By Stephen Wood
The number of physicians in the U.S. is shrinking, especially among those who choose primary care. Advanced practice providers, such as Advanced Practice Nurses (APRNs) and Physician Assistants (PAs), are helping to fill that void.
In order to maintain a health care system that can serve our aging population, and one that is aligned with the health care needs and goals of our nation, there is a need for legislative support to fund APRN and PA clinical education in a way commensurate with residency training programs.
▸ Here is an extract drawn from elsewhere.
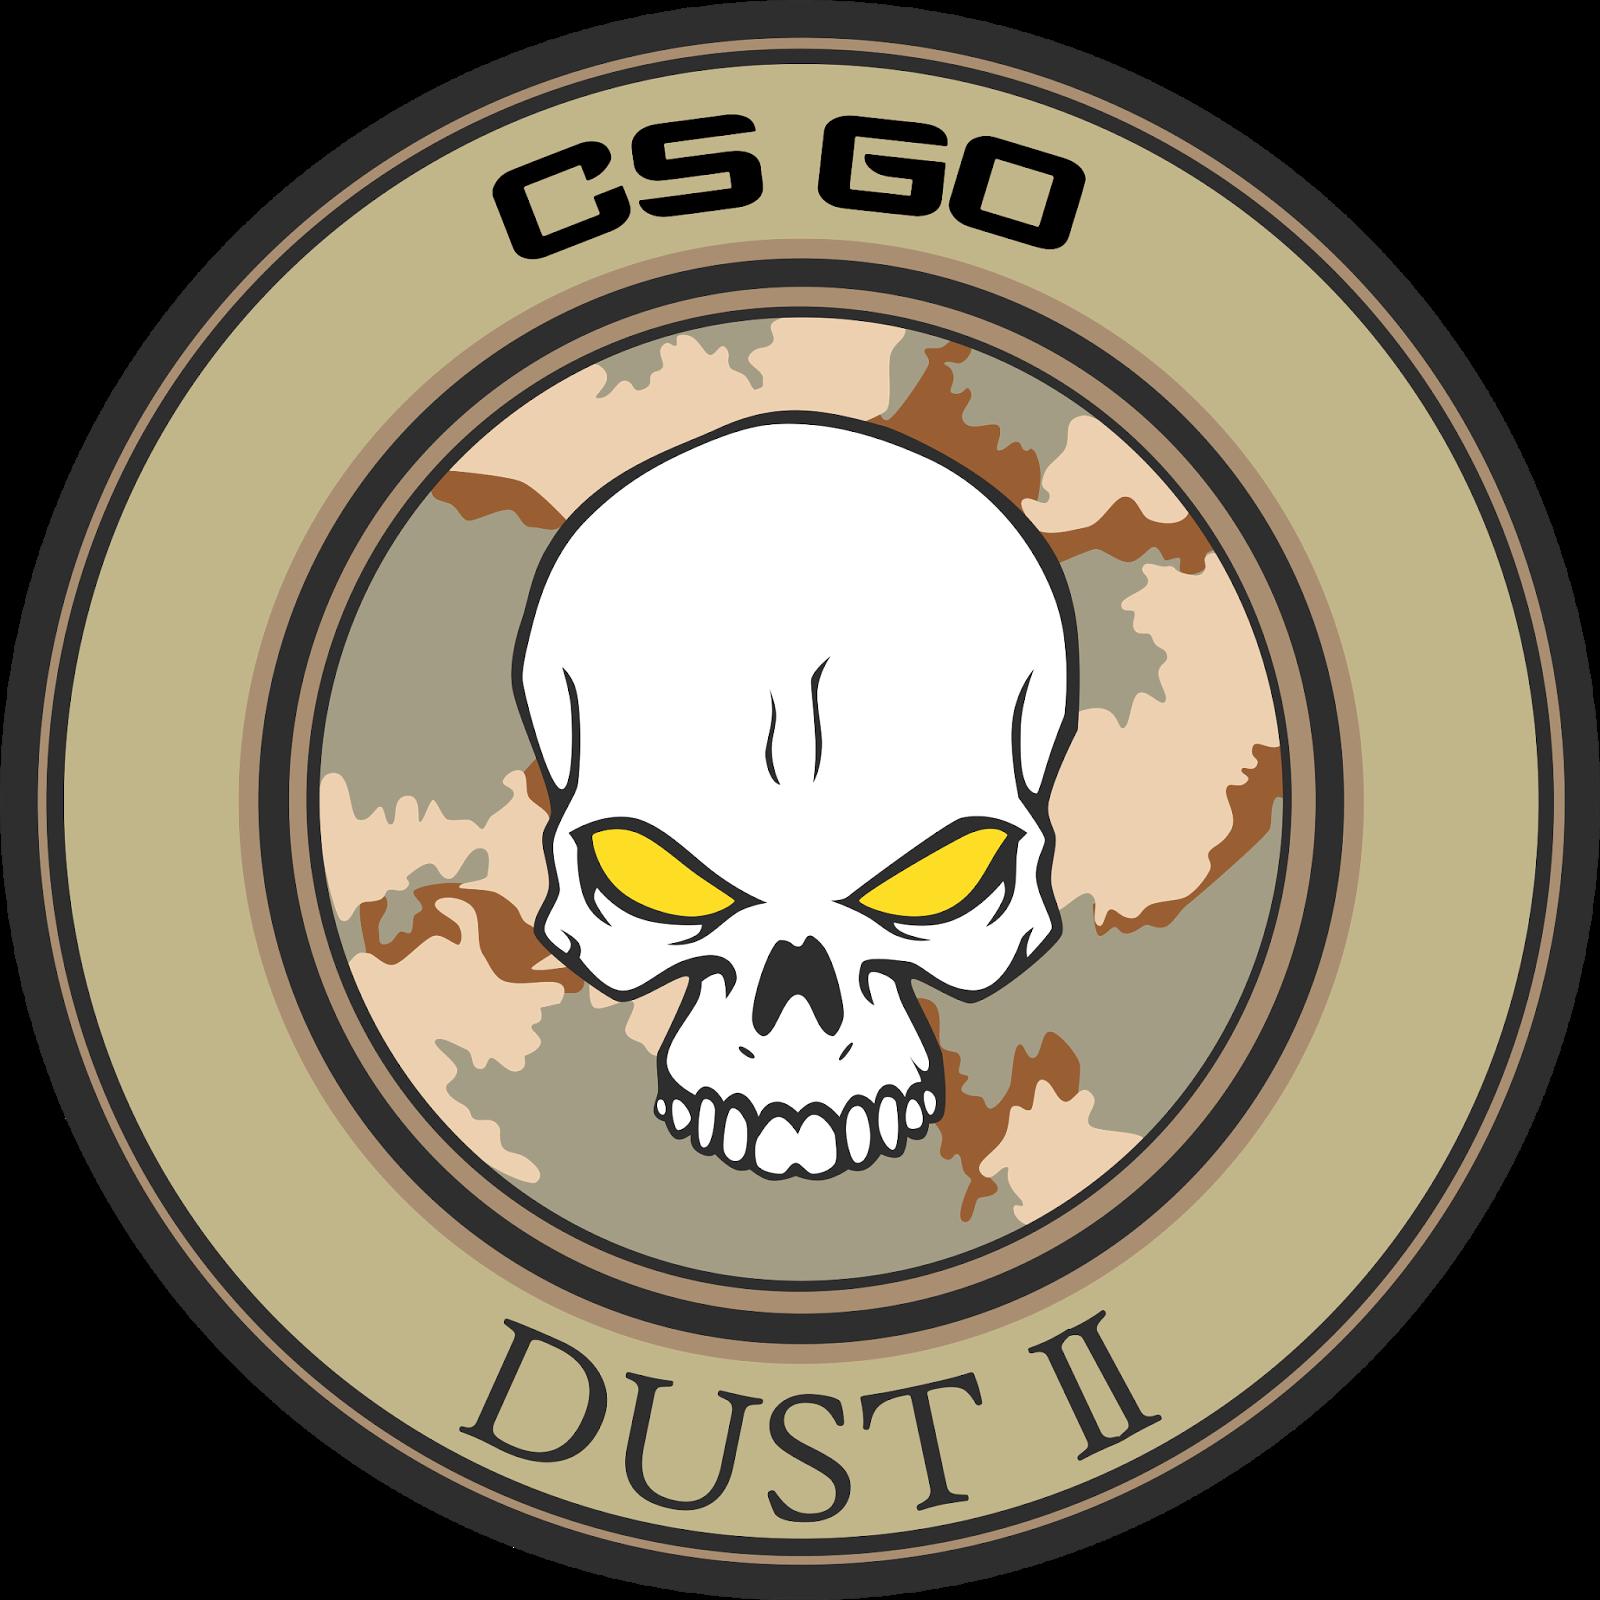 Cs Go Logo – Name
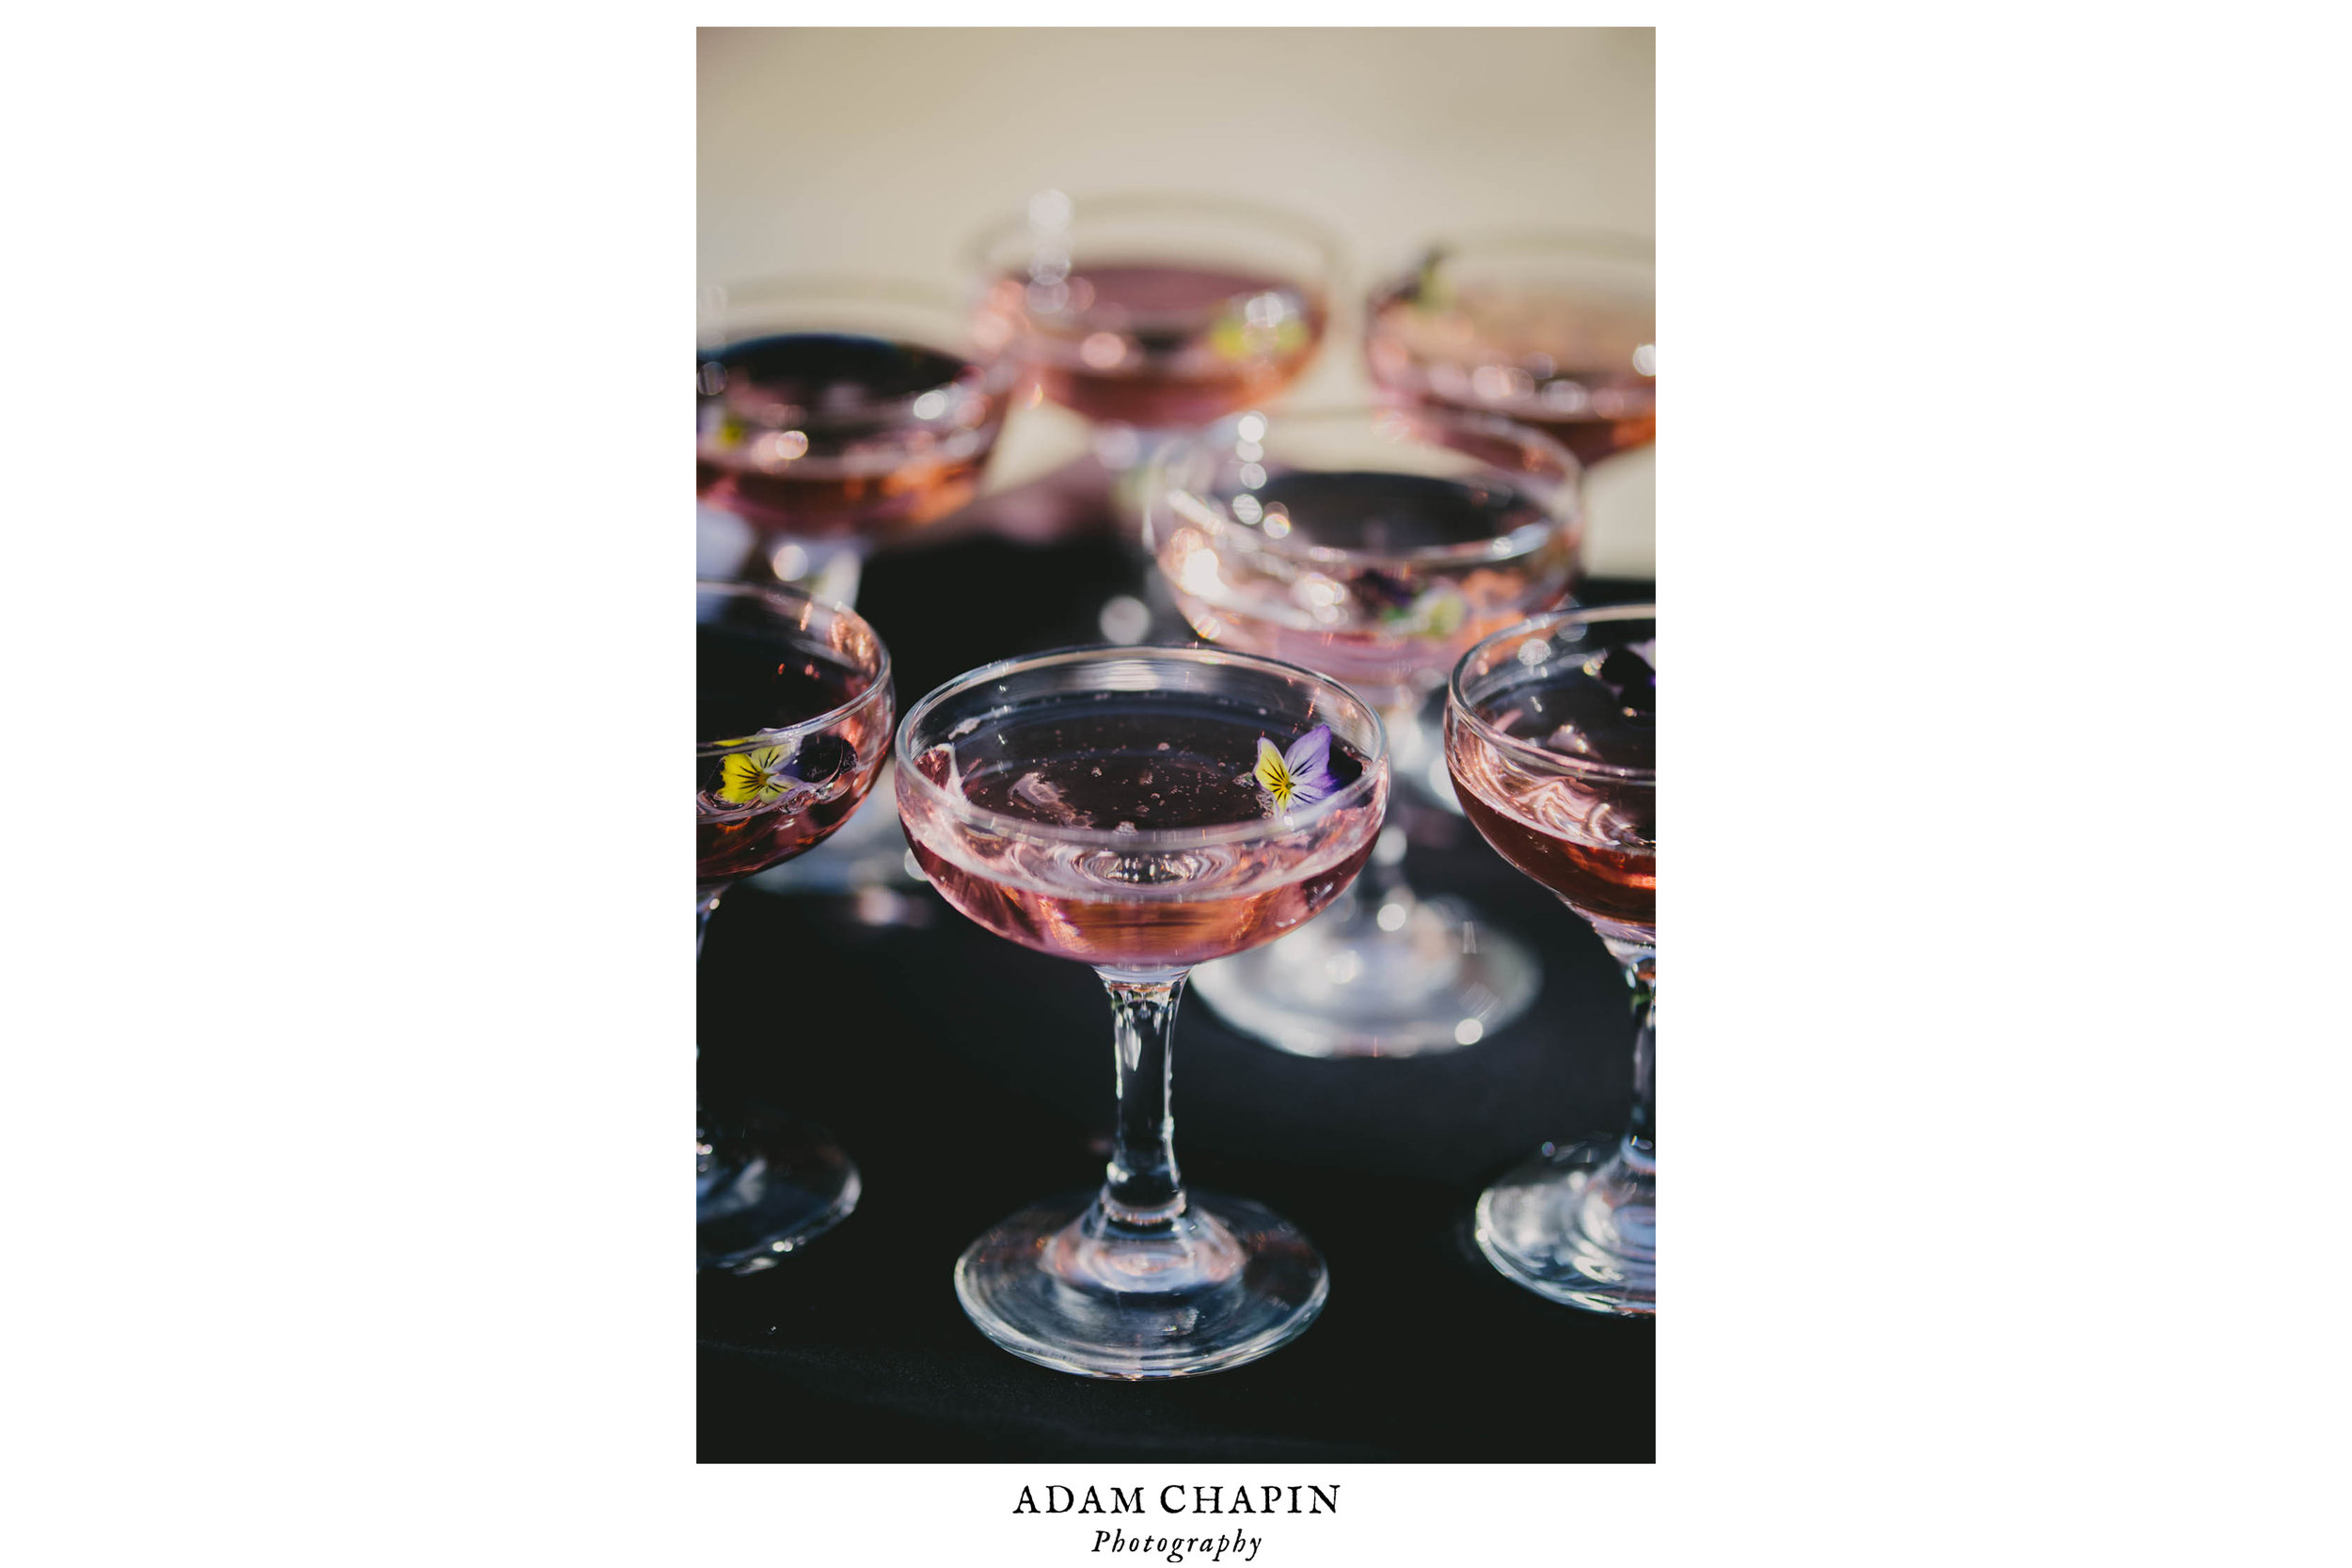 custom-cocktails-at-this-enchanted-garden-summer-wedding-at-the-graylyn.jpg

The traditional model for post-graduate education for medical students, called residency, is regulated by the Accreditation Council for Graduate Medical Education (ACGME) and largely funded by the Center for Medicare Services (CMS). The process is competitive and it helps to ensure the ongoing professional education of future physicians. Some argue that taxpayer support of these programs is in the public interest, as it would be otherwise difficult to train future physicians. While this may have some merit, both students and hospitals also benefit. Hospitals benefit in that they reduce the cost of their labor force, and receive additional indirect funding to support hospital services. The resident trainees endure long hours and low salaries, but, in effect, they are being paid to train. Salaries after completion of a residency can be substantial, and there is no expectation to pay back any of the funding that is received during their training.
In contrast, APRNs and PAs attend clinical training during their didactic education and pay out-of-pocket at a per credit cost dictated by the individual university. This process largely relies on prior graduates accepting students for these clinical experiences. The issue is that as the workforce shrinks, and providers are busier with increased clinical responsibilities, these opportunities are difficult to come by. In addition, both APRN and PA programs are often competing with residency programs, as well as each other, for clinical sites. Many schools are now paying for these clinical sites, which has resulted in a bidding war for clinical placements. The increased expense is carried by the student, making the cost of education even higher.
Given that medical residency programs are federally funded, this very same opportunity should be afforded to APRN and PA programs.
There are approximately 370,000 nurse practitioners that are licensed in the United States, and that number is growing. The estimates from the American Association of Nurse practitioners are that 88% practice in primary care, an area that has seen reduced numbers of physicians annually. In addition, it is estimated that 83% of Nurse practitioners manage patients with Medicare as their primary insurance.
The number of APRNs in practice is also increasing at a rate of 6.8% per year. In comparison, the increase in physicians is 1.1% and that of physician assistants is 4.3% annually. The numbers of people accepted into APRN programs is also growing. This is coupled by the transition of programs from in-person to online, which allows for greater numbers of students as well. PA programs are seeing similar growth.
The number of available and appropriate clinical sites, however, continues to shrink. In many APRN programs, students are required to find their own preceptors, which puts a strain on both the student and the preceptor. PA programs often place their students, but this too is becoming more difficult as sites become more restrictive or demand increased compensation. In addition, this system does not ensure that the clinical experiences necessarily meet the needs of the student or are equitable. Some students may have a broad experience, while others may have a more focused experience that may not be congruent with their needs.
The issue of compensation is an additional strain on the student and raises some ethical and professional questions. There are now preceptor websites that allow for students to search for a preceptor by specialty and location, with upfront, out-of-pocket costs upwards of $4,000. This cost is the burden of the student, which means some individuals, and especially those from minority and marginalized backgrounds, may have decreased access to education.
Clinical training for APRN and PA students should be funded equitably and congruently with medical resident training, especially considering the numbers of Medicare patients that are cared for by NPs and PAs alike. There is an urgent need for Congress to ensure this funding through the Center for Medicare Services. This needs to be coupled with ensuring appropriate clinical site placements for any health care facility that accepts these funds. This should be enhanced by state funding for those that have nurse practitioner programs.
Accrediting bodies have a role here as well. Precepting was once considered a good-faith duty for practicing nurse practitioners and physician assistants alike. It was a way to pay back for the clinical experiences that were voluntarily provided for them. The demand for compensation, however, is growing, and many sites are allowing for competition not only with other NP programs, but with PA programs as well. These bodies need to set the standards of compensation and be the drivers of lobbying Congress for CMS equity.
Advanced practice providers are an integral part of the health care community. They provide a substantial amount of care to Medicare and Medicaid patients. The support of their clinical education needs to be equitable and reflect their important role in our health care system.